Angus McSix - Angus McSix And The All-Seeing Astral Eye

Angus McSix And The All-Seeing Astral Eye

2º álbum de estúdio​

Era

-

6.2

Nota média
de sites de crítica

Fantasia, synth e caos galáctico

O segundo capítulo do Angus McSix continua apostando naquele power metal de armadura reluzente, espada de plástico premium e refrão feito para ser berrado com um copo na mão. A troca de vocalista não desmonta o castelo: Sam Nyman entra bem no papel, segura os agudos e mantém o espírito bombástico da estreia, enquanto Sebastian Levermann puxa tudo para um terreno ainda mais colorido, sintético e espalhafatoso.

O problema é que nem sempre essa festa intergaláctica acerta o equilíbrio entre piada e pancada. Parte da imprensa elogiou o disco pelo carisma, pelos ganchos absurdamente grudentos e pela energia de campanha de RPG desgovernada; outra parte achou que os teclados ficaram altos demais, as guitarras perderam impacto e o humor passou do ponto.

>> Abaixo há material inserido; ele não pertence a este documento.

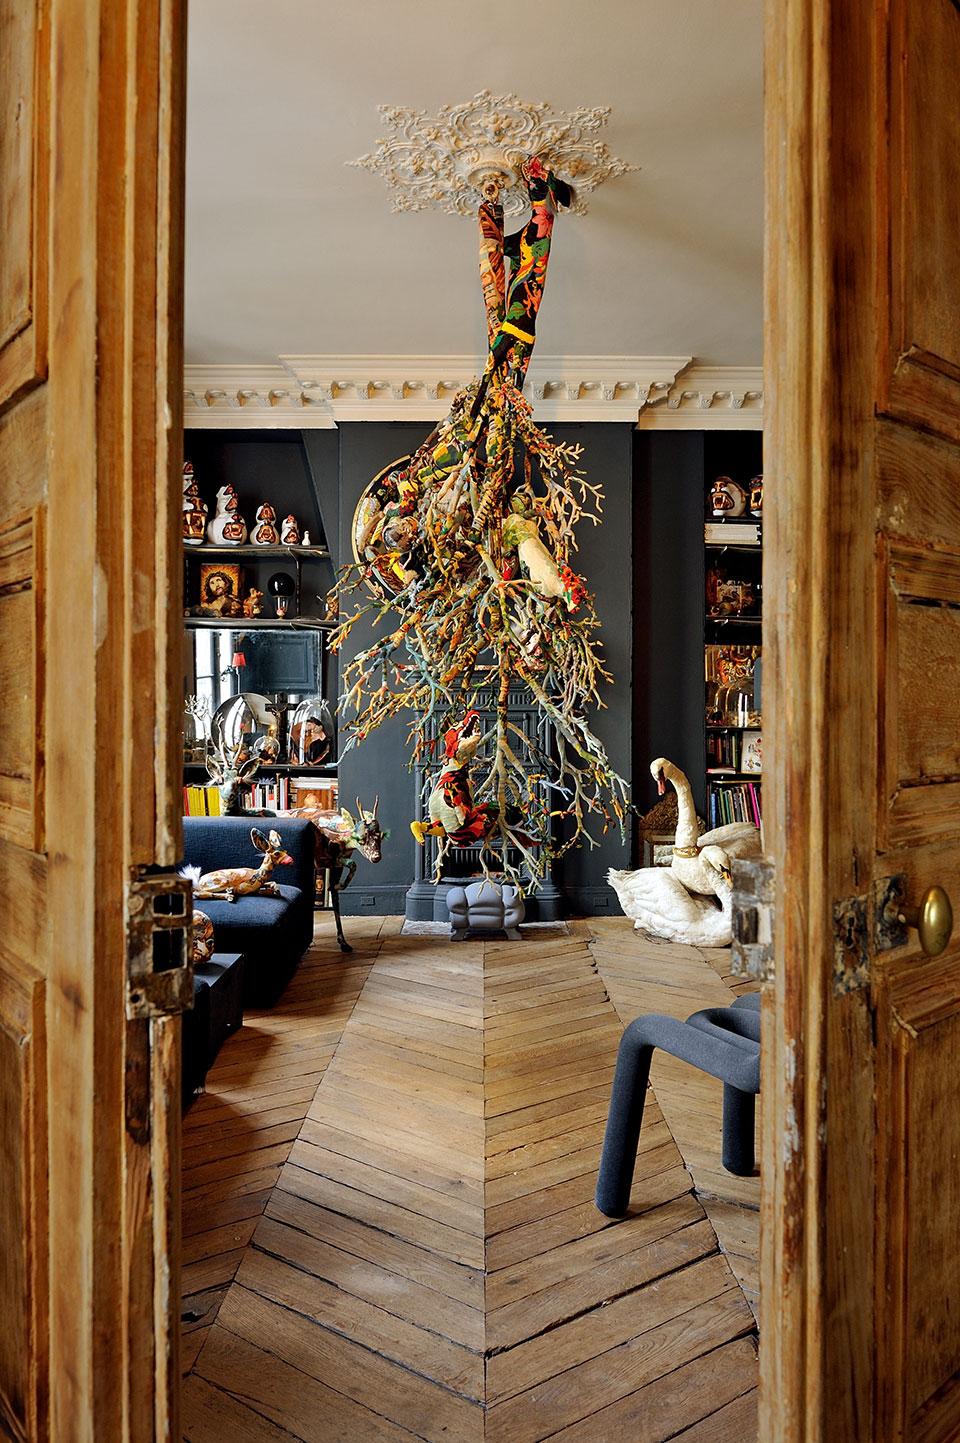 """壁炉前,一棵针织面料拼接制作的圣诞树从天花板上悬垂下来。墙壁、椅子和沙发都是浓重的铁灰色,更衬托出彩色""""圣诞树""""与众多拼布动物玩偶的绚丽多姿。"""
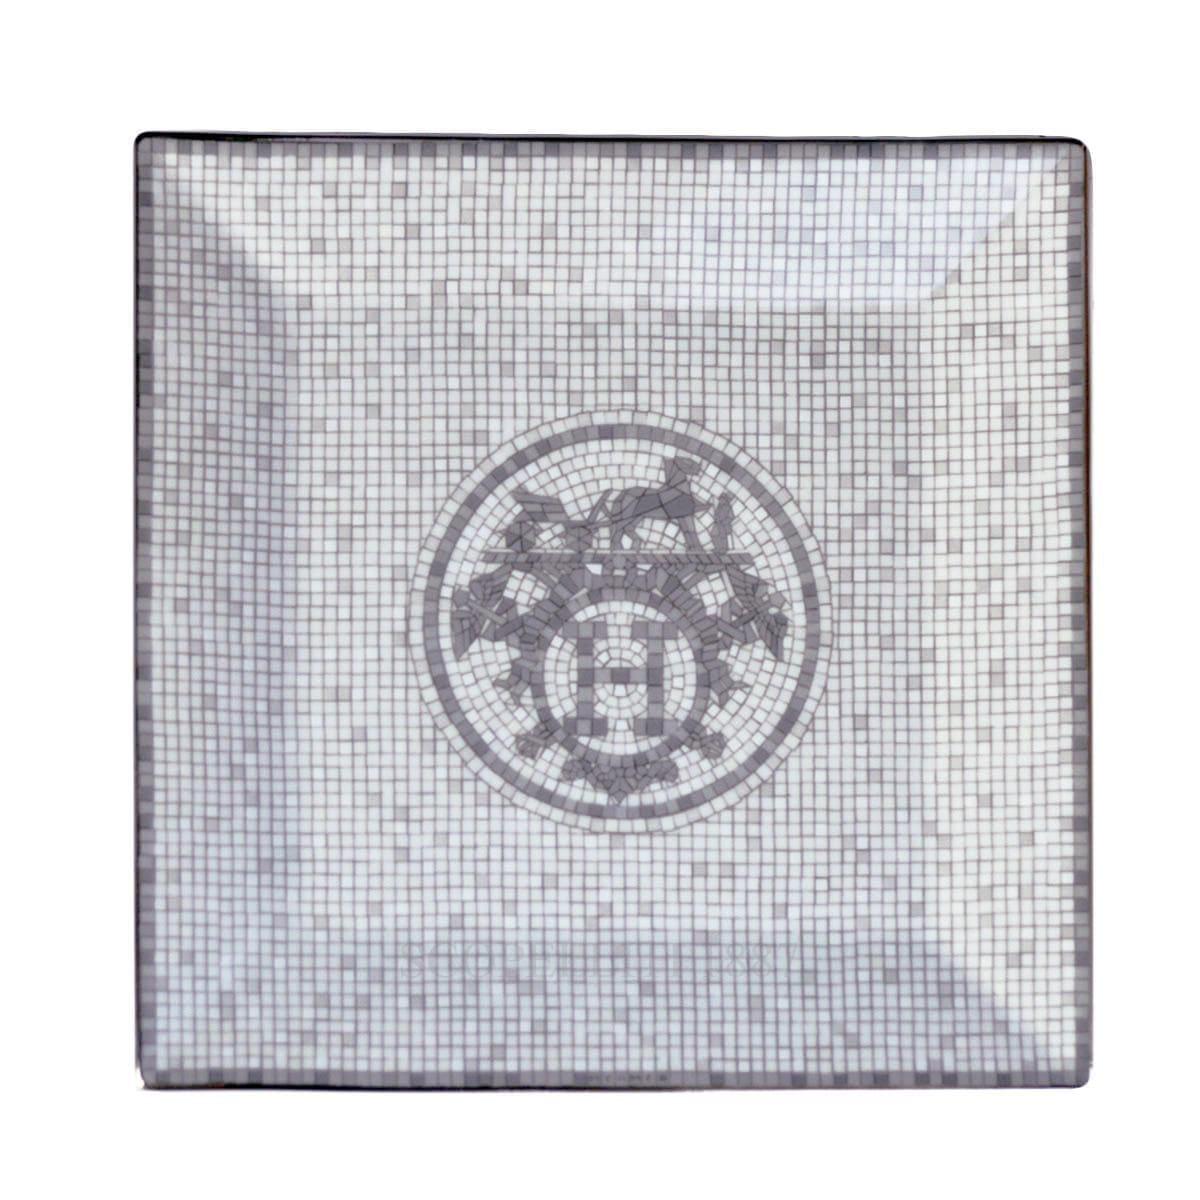 hermes paris designer mosaique au platinum square plate

No fim, é um álbum que troca a espada pelo sabre de neon: divertido, cafona de propósito e, às vezes, irresistível — mas menos afiado que o anterior.

Destaques

1 – 6666
2 – The Fire Of Yore
3 – I Am Adam McSix (feat. Rhapsody Of Fire)

Menos ouvidas

10 – The Power Of Metal (feat. Freedom Call)
11 – Into Battle

Fatos interessantes

• Este é o segundo álbum de estúdio do Angus McSix e o primeiro com Sam Nyman como protagonista da saga, agora no papel de Adam McSix.

• A faixa de abertura, “6666”, ainda traz Thomas Winkler passando simbolicamente o bastão para o novo herói.

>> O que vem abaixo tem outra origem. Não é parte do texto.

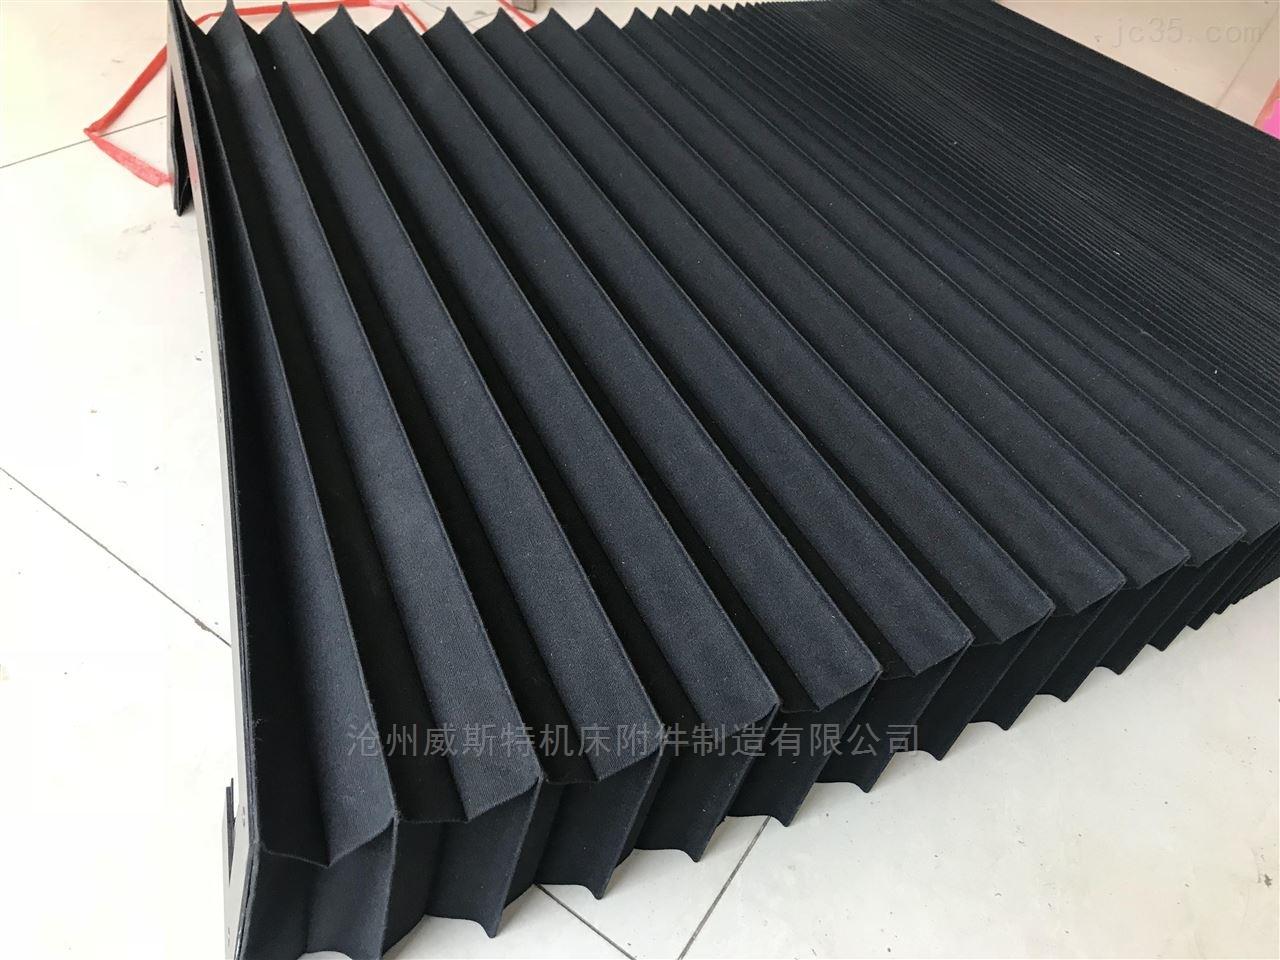 缝制阻燃风琴式防护罩

• O disco saiu pela Napalm Records em 13 de março de 2026, exatamente no início da nova turnê europeia do grupo.

• O álbum tem 11 faixas e 41 minutos e 42 segundos de duração.

• “I Am Adam McSix” conta com participação do Rhapsody of Fire.

• “Dig Down” traz colaboração do Van Canto, reforçando o lado mais brincalhão e performático do projeto.

• “Techno Men” empurra a banda para um cruzamento inusitado entre power metal, dance-pop e metal industrial.

• Parte da crítica comparou o disco a uma sessão de Dungeons & Dragons regada a cerveja e refrões gigantes.

• Outra parte das resenhas reclamou que os teclados e synths engoliram um pouco o peso das guitarras e da bateria.

• O álbum aprofunda o universo narrativo da banda com novos personagens e mais ênfase no tom absurdamente épico e autoconsciente.

Produção

Sebastian Levermann

Mudança de line

Em relação ao debut, a banda trocou duas peças centrais: Thomas Winkler saiu em 2025 para dedicar mais tempo à família, e Sam Nyman assumiu os vocais como Adam McSix. Manu Lotter também deixou o grupo, abrindo espaço para Gerit Lamm na bateria. Além disso, Jasmin Pabst foi adicionada à formação na fase de divulgação do segundo álbum, ampliando o lado “party metal” e teatral do projeto.

Formação

Samuel Nyman – voz
Thalìa Bellazecca – guitarra
Jasmin Pabst – guitarra
Sebastian “Seeb” Levermann, Rafael Dobbs Roa – guitarra
Gerit Lamm – bateria

Músicos adicionais
Thomas Winkler – participação vocal em “6666”
Rhapsody of Fire – participação especial em “I Am Adam McSix”
Van Canto – participação especial em “Dig Down”
Turmion Kätilöt – participação especial em “Techno Men”
Freedom Call – participação especial em “The Power of Metal”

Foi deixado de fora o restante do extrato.